Module 5: When Does the Model Forget?
The Archaeologist — Excavate the boundaries of memory
Duration: 60 min | Difficulty: Intermediate | Prerequisite: Module 1, Module 4
The Aha Moment
Context isn't memory — it's a sliding window. The model doesn't remember your conversation. It re-reads the entire transcript every time, and when it runs out of space, old messages simply vanish.

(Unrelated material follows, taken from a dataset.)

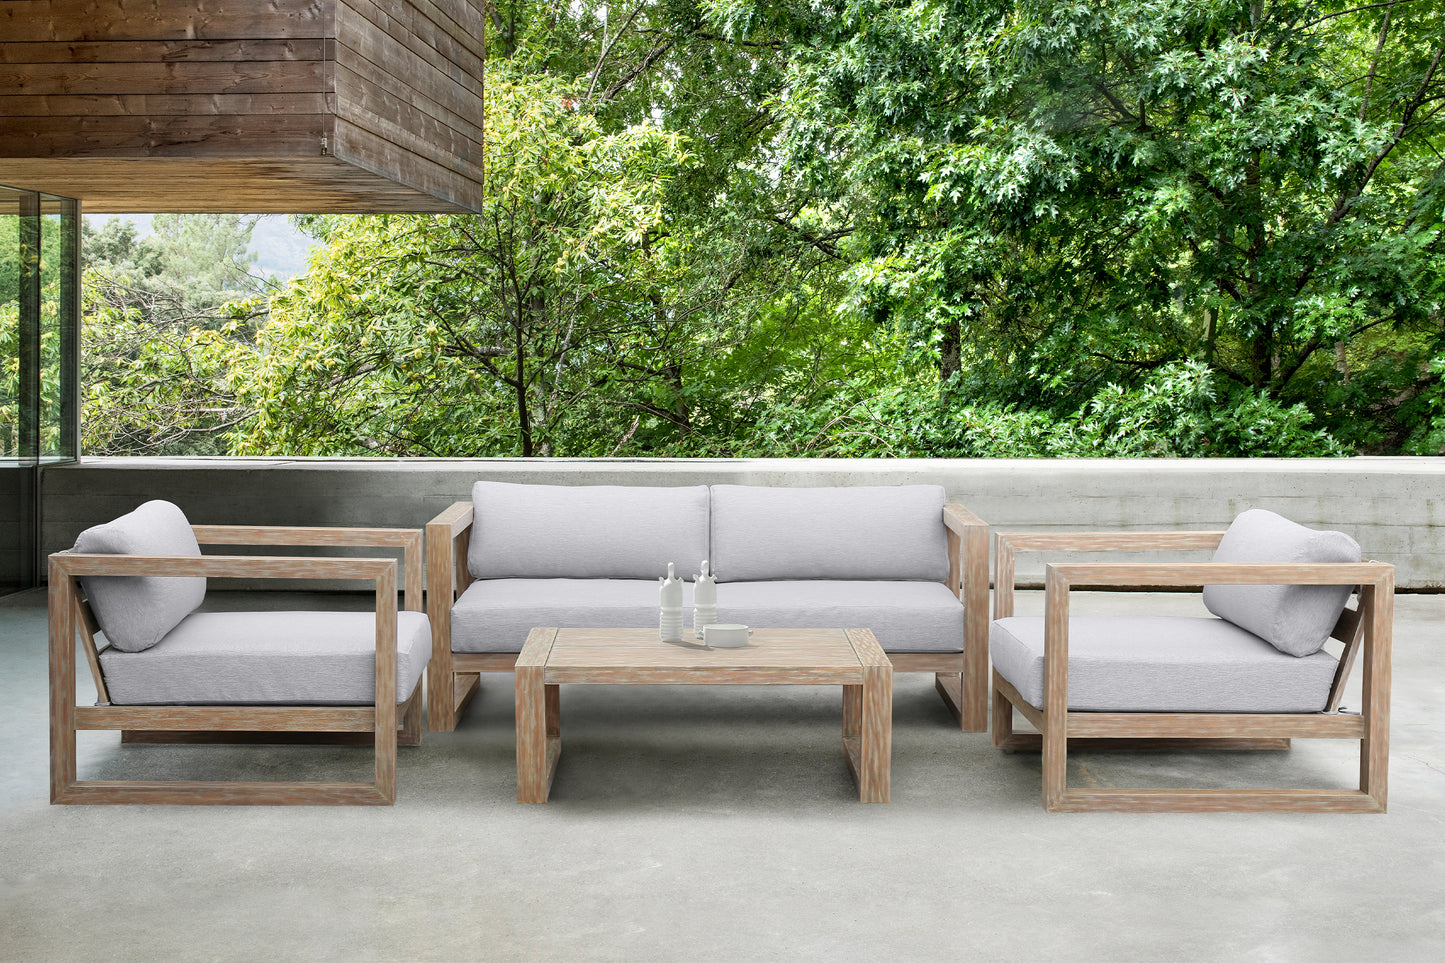 Paradise 4 Piece Outdoor Light Eucalyptus Wood Sofa Seating Set with Gray Cushions

This is the insight that dismantles the most pervasive illusion about AI assistants: that they "remember" you. When you chat with a language model, it feels like a continuous conversation with a being that recalls what you said five minutes ago. In reality, every single API call sends the entire conversation history from scratch. The model has no persistent internal state between calls — no memory register, no diary, no filing cabinet. It receives a block of text, generates a response, and immediately forgets everything.
The consequences are profound. There is a hard limit — the context window — on how much text fits in that block. When your conversation exceeds it, the oldest messages are silently dropped. The model does not gracefully summarize what it lost. It does not flag that it can no longer see your earlier instructions. Those messages simply cease to exist from the model's perspective, as if they were never written. Understanding this transforms how students design prompts, structure conversations, and evaluate the reliability of AI systems in production.
Conceptual Background
What is a context window?
A context window is the fixed-size buffer of tokens that a language model can process in a single call. It is not memory. It is not storage. It is more like a desk — there is only so much paper you can spread across it before things start falling off the edge.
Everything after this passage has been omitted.